Featured Columnist – Meditations Martin LeFevre |
I had a cousin, born a few days after I was in the same Midwestern town, with whom I was close growing up. In some ways Mike and I were as different as night and day, but in other ways, especially in political views, we thought alike.
The last time I saw Mike healthy was on a visit to my native Michigan two years into Bush’s first term. All the available cousins got together one night and went out to dinner.
Mike was a lawyer. His father, who was also a lawyer, one who scraped by all his working life, came up with a scheme that tapped into the housing boom, involving legal fees for refinancing mortgages for big companies. Mike, having six kids, jumped in with both feet and starting making money hand over fist.
He told me about the system at the Irish wake for his father, one of my two favorite uncles. He said he was going to work his butt off for ten years and then retire. At 3 am after a few beers (Mike was famous for all-night drinking sessions when the relatives got together), I told him that in my experience that kind of plan never works in the long run.
I couldn’t see how anyone, especially someone with small children, could plan on working 16 and 18 hour days for ten years without some kind of blowback. Sadly, after five years of overwork, Mike contracted some form of inoperable cancer, which took five excruciating years to kill him.
In attendance at the dinner in question was one of my brother-in-laws that supported George Bush. Even worse, he’s a true Rush lush, a Limbaugh dumbo.
Mike made quick work of my brother-in-law’s arguments, and the Rush-worshipper didn’t gush another word as Mike and I discussed the cultural and political implications of George W. Bush. At the culmination of our discussion, Mike bellowed, “I want my country back!”
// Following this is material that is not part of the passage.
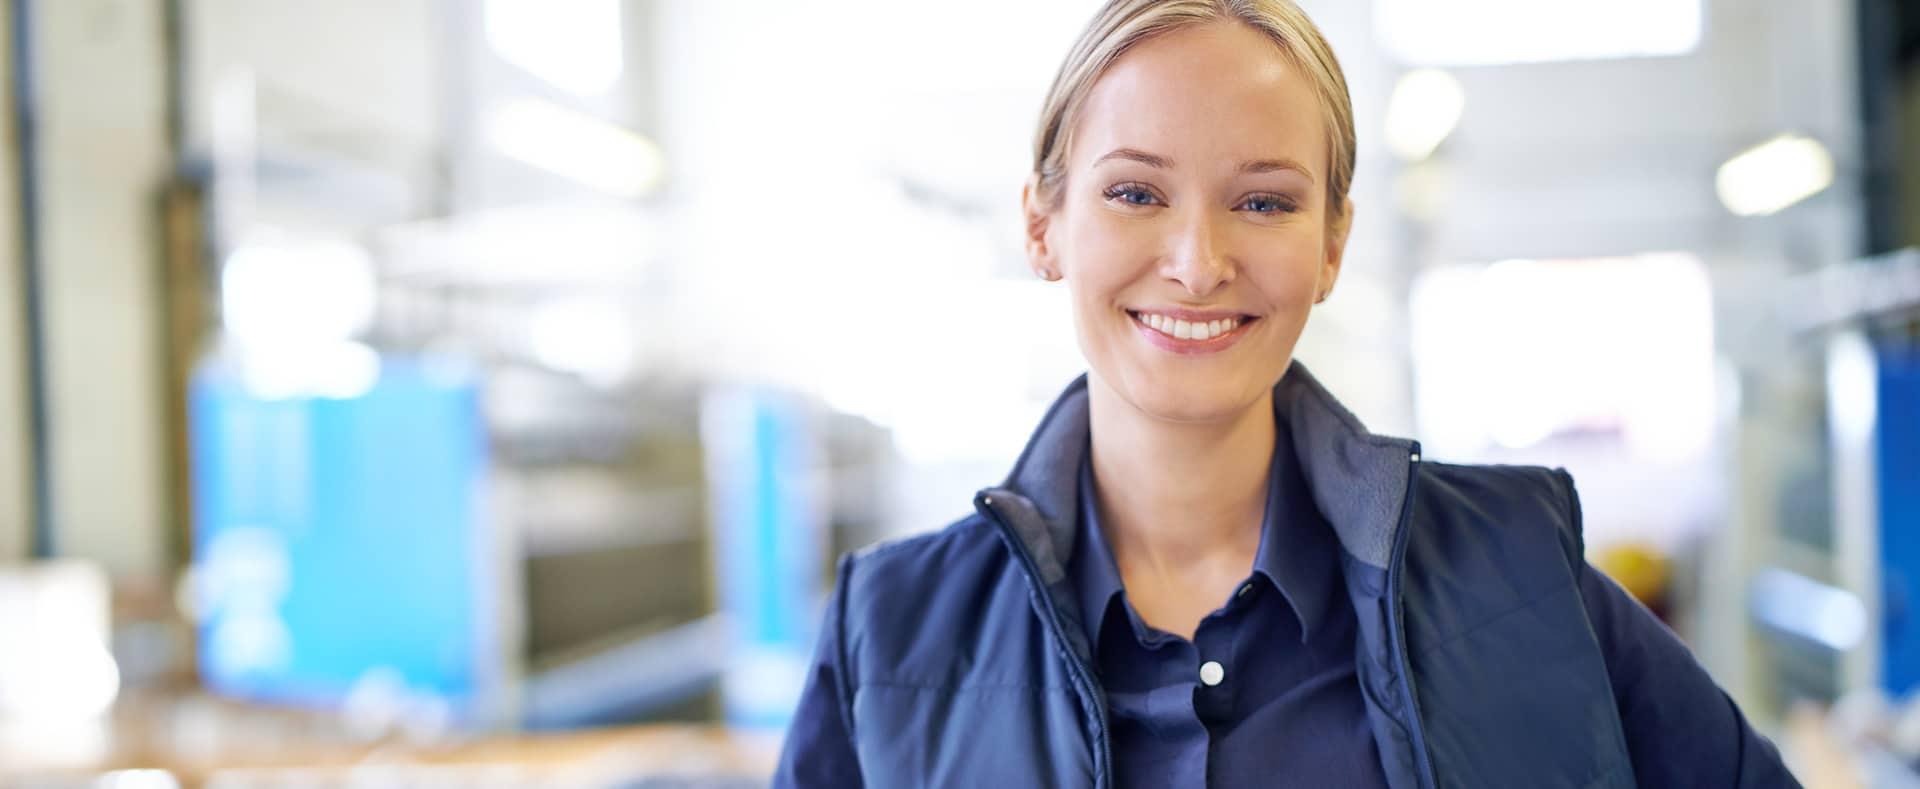 Photographie d'une femme d'une société de distribution.

That was the first time I’d heard someone utter that phrase. While I understood the sentiment, I also understood that George W. Bush was an inevitable manifestation of the cancer that had taken hold in America. I said as much to Mike.
After a few months back in California, I learned that Mike had gotten very ill. Cancer was detected, but a platoon of doctors weren’t able to make a definitive diagnosis.
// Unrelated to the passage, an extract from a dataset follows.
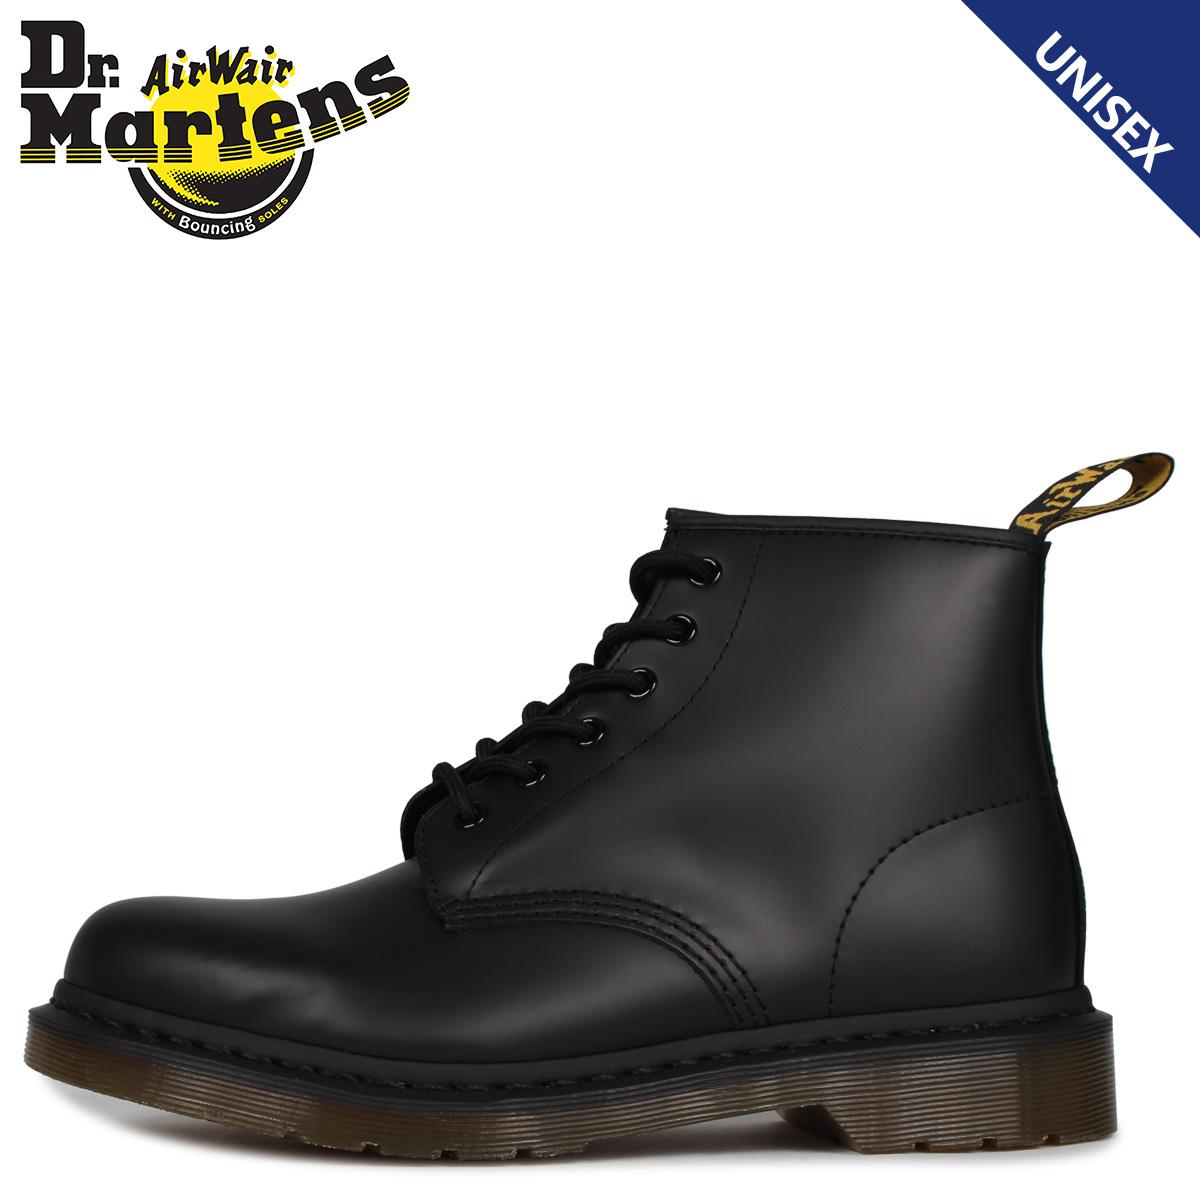 送料無料 あす楽対応 22.5cm-28cm 実物 ドクターマーチン Dr.Martens ブーツ 101 6ホール メンズ ブラック R24255001 6EYE 優先配送 BOOTS レディース 黒

Mike was further to the left in his political views than I am, so I’m sure he’s spinning in his grave now that his sentiment has been appropriated by the far right in America.
Even mainstream commentators in the smudge and grudge media have begun reporting that they are encountering a great many flag-waving kooks shouting: “I want my country back!”
This is the same loopy fifth of the population that continues to insist that Barack Obama was not born in the United States, which is their way of saying he’s president illegitimately. Fully unpacking that scurrilous accusation involves understanding the dark currents of American racism, anti-intellectualism, exceptionalism, and xenophobia.
One can’t help but wonder if Obama’s “complete faith in the American people” has been shaken. Probably not, at least consciously. After all, it’s easier to turn on your base, as Barack’s mouthpiece Robert Gibbs demonstrated last week, than examine your core beliefs and worldview.
Of course there is the legitimate question of whether Barack really believed that stuff about the American people at all.
There’s a curious commonality between cousin Mike’s left-wing cry, and the right-wing echo. Both have, at their core, a lament for a national image that’s been lost. On the left, it’s the ideal of ‘the country America could be;’ on the right, it’s the triumphalist notion of a nation that outshines all other nations to such a degree that it belongs in a category of its own.
Even so one wonders, why is the fiction and fantasy at the core of both worldviews so important? Why don’t Americans let go of the image and ideal?
Because at bottom this isn’t an American pattern or trait. National and other identifications and self-images still rule the human mind. And as long as they do, the consciousness of man will darken.
Countries are gone. We can’t get them back as primary sources of identification. They are structures of function now, that’s all.
Man is a herd animal; human beings stand alone. And each person leaves the dark current of man one at a time.
Humankind is at a crossroads, with only one way ahead. Man has to die for humanity to flower. We can’t put off radical change any longer.